• What this task involves: Starting at the line below with "Apple iPad Pro" and stopping at the line with "Chris Buck Salton", please print each line exactly, those two included, and skip every picture.

• Provided information:
----------
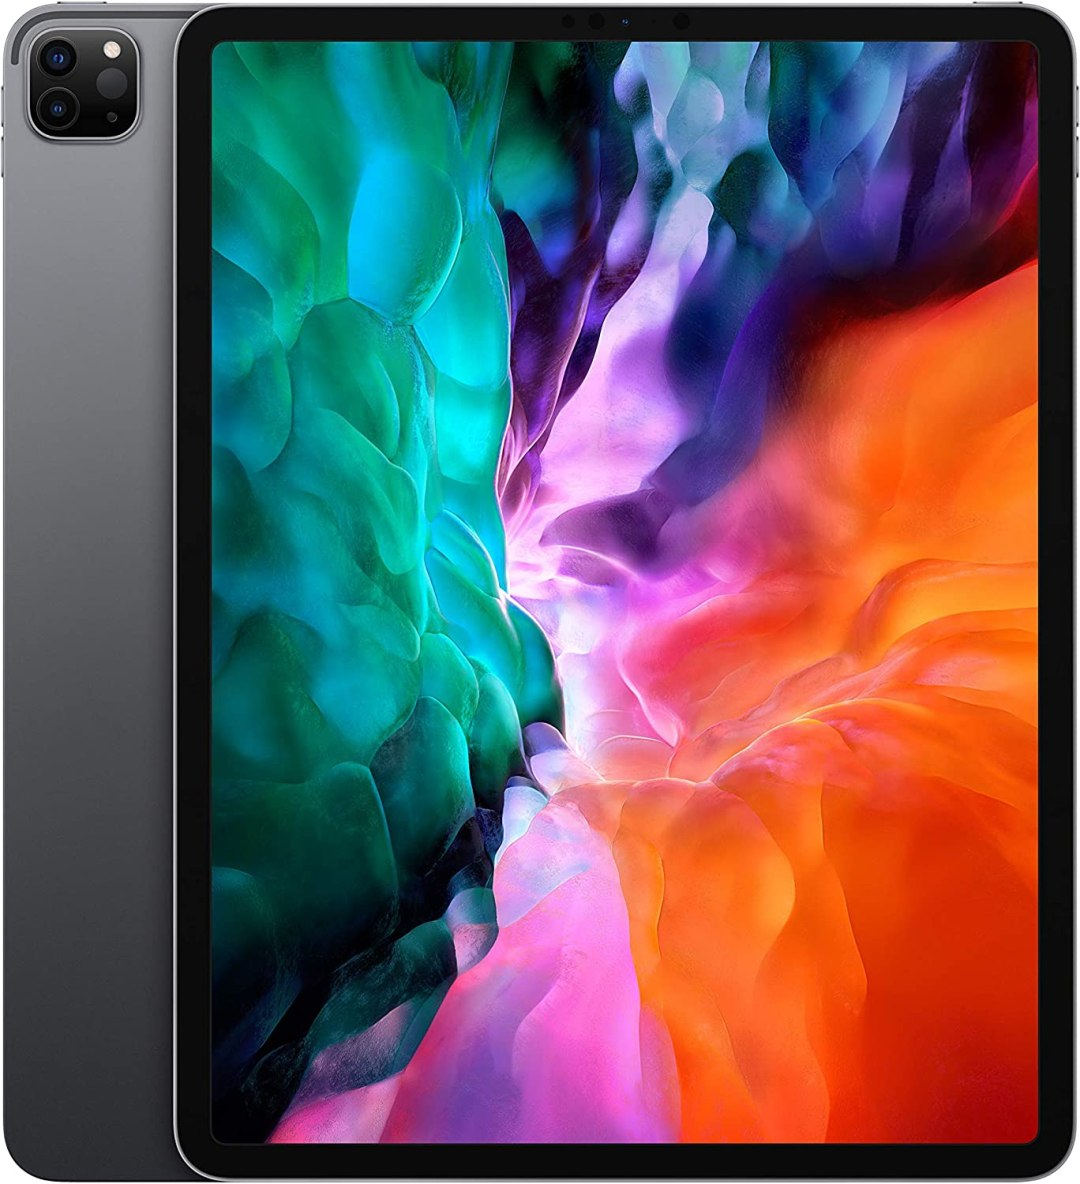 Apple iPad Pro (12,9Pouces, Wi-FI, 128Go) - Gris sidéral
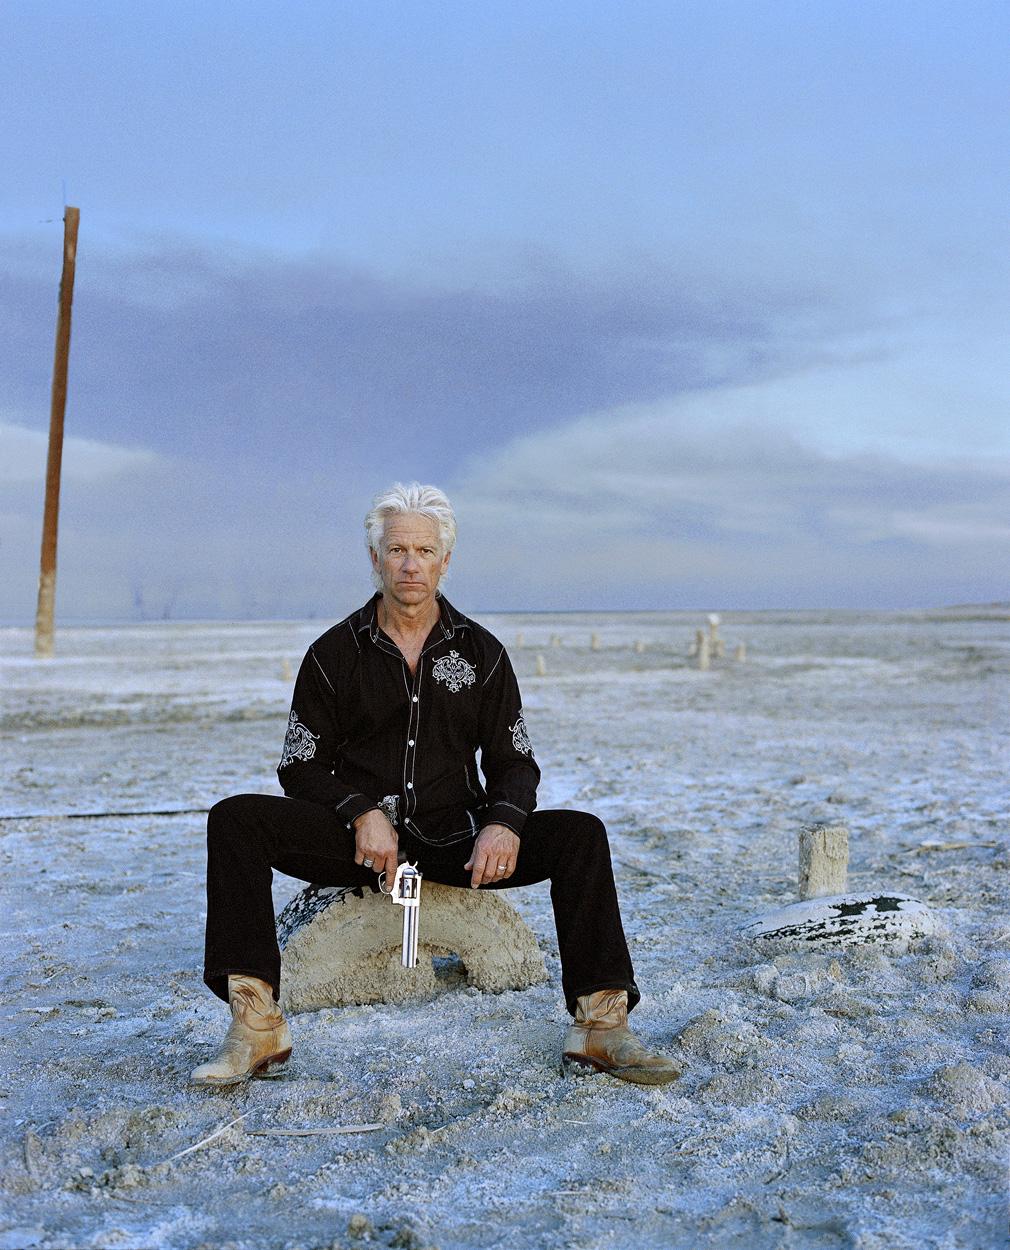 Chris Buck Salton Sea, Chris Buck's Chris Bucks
----------
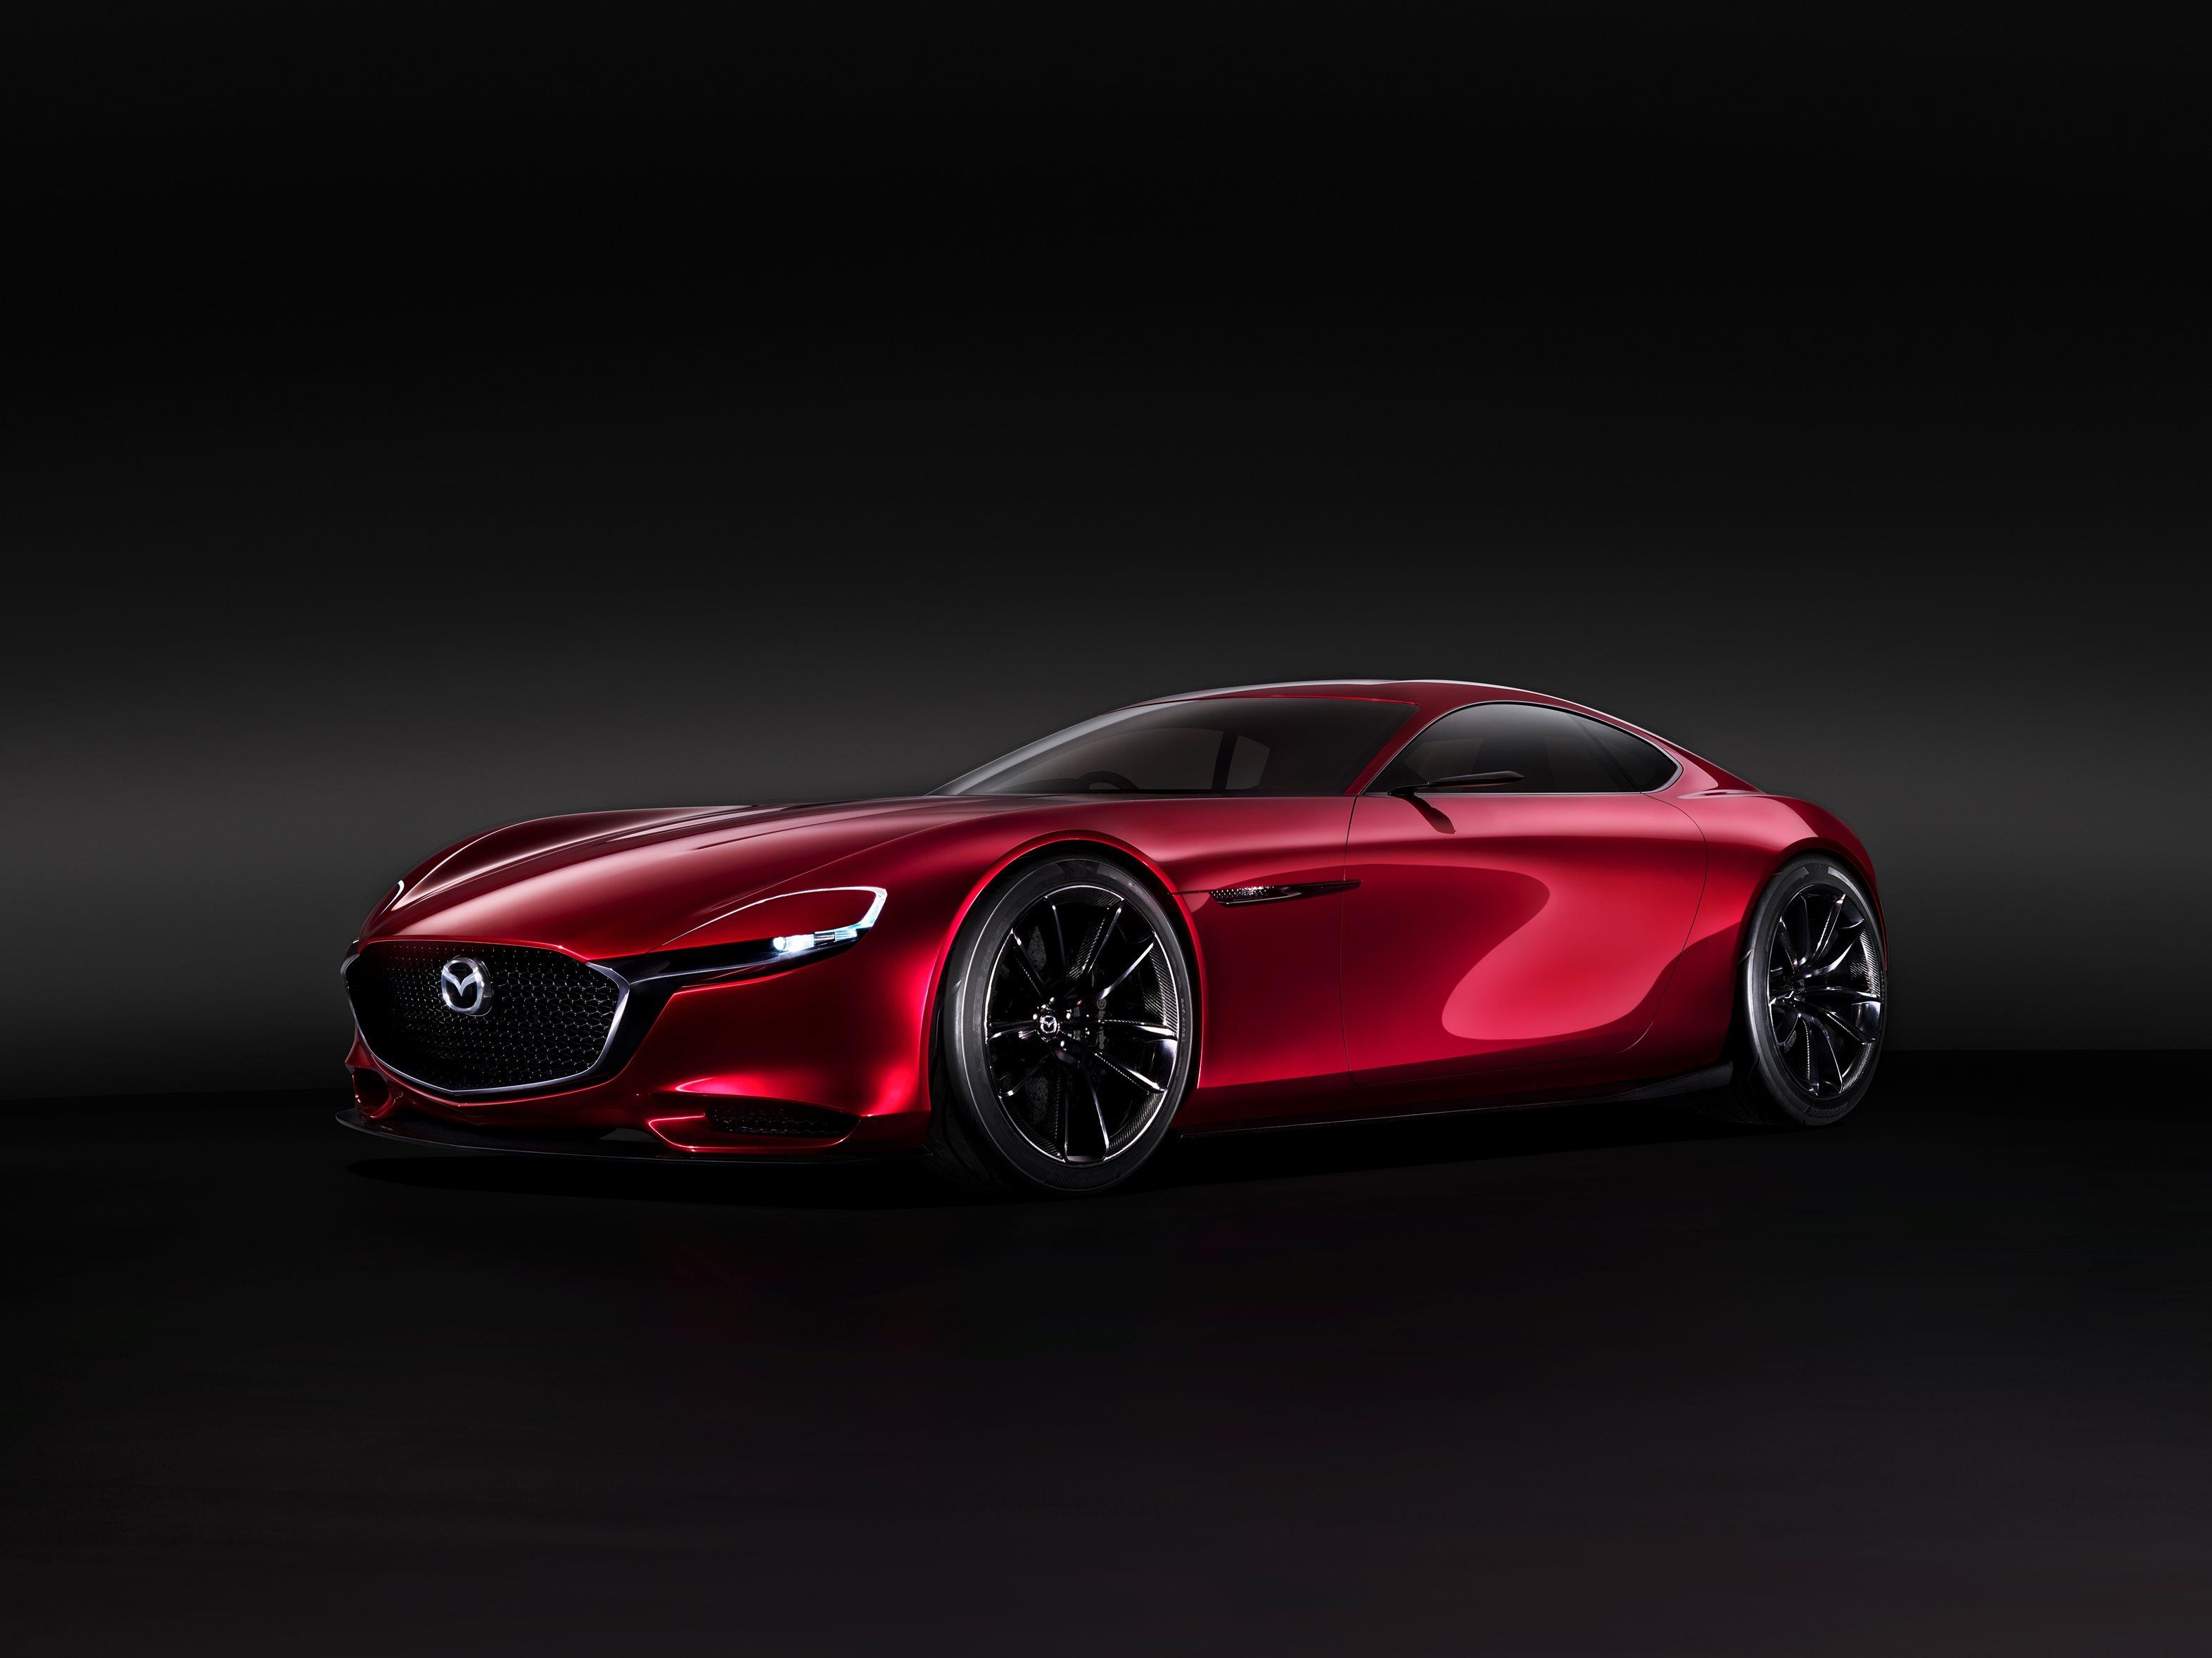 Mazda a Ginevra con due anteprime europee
----------
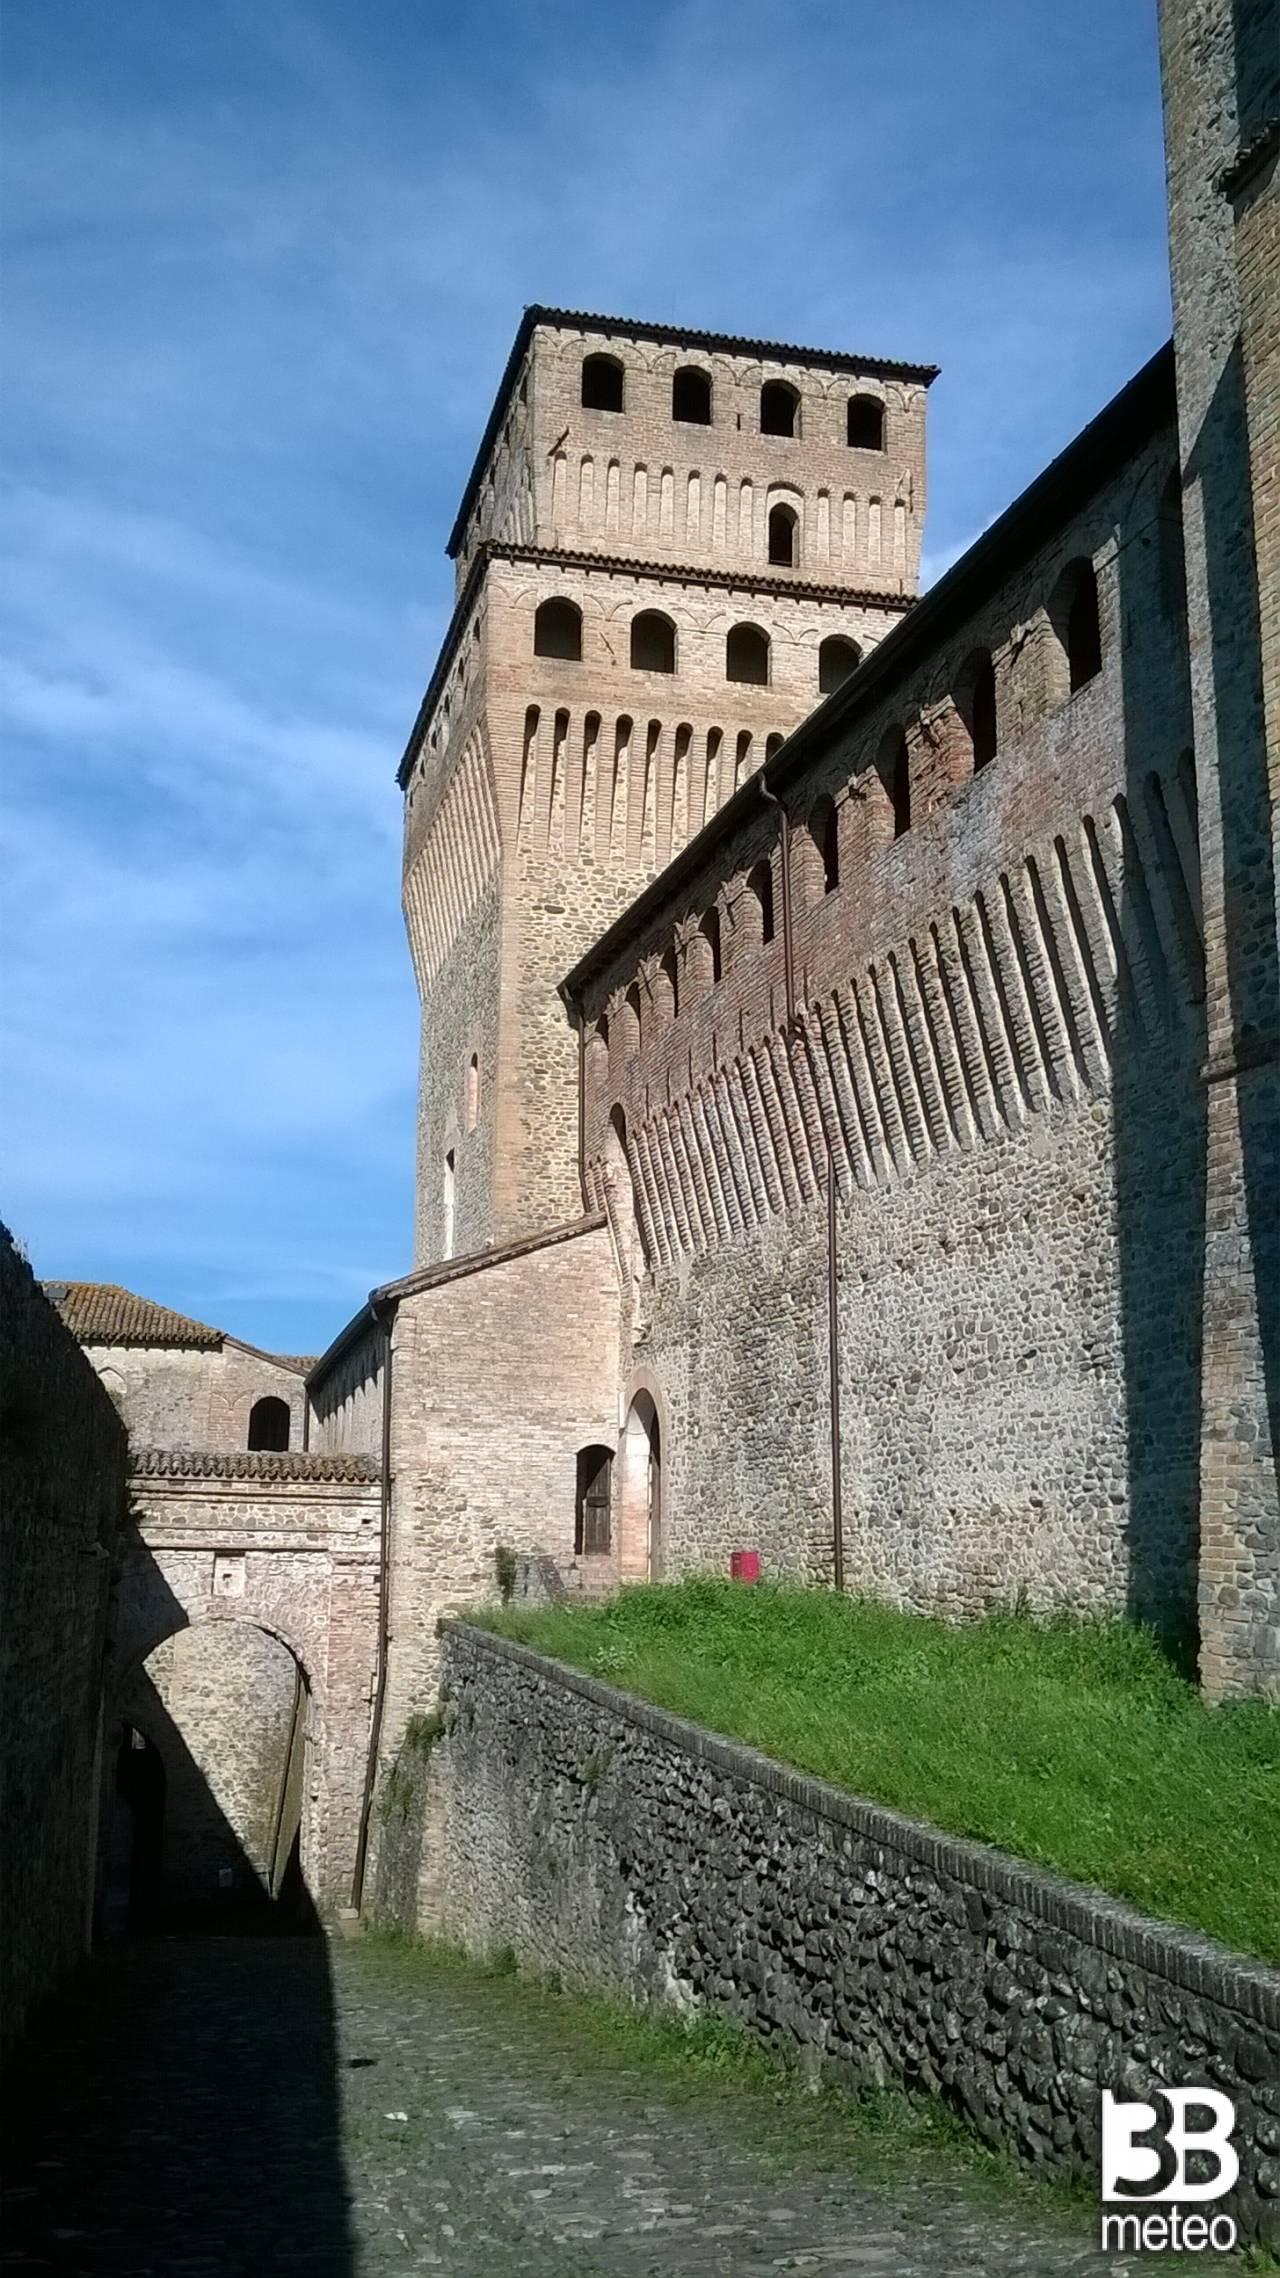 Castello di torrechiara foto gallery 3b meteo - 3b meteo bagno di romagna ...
----------
• Written answer:
 Apple iPad Pro (12,9Pouces, Wi-FI, 128Go) - Gris sidéral
 Chris Buck Salton Sea, Chris Buck's Chris Bucks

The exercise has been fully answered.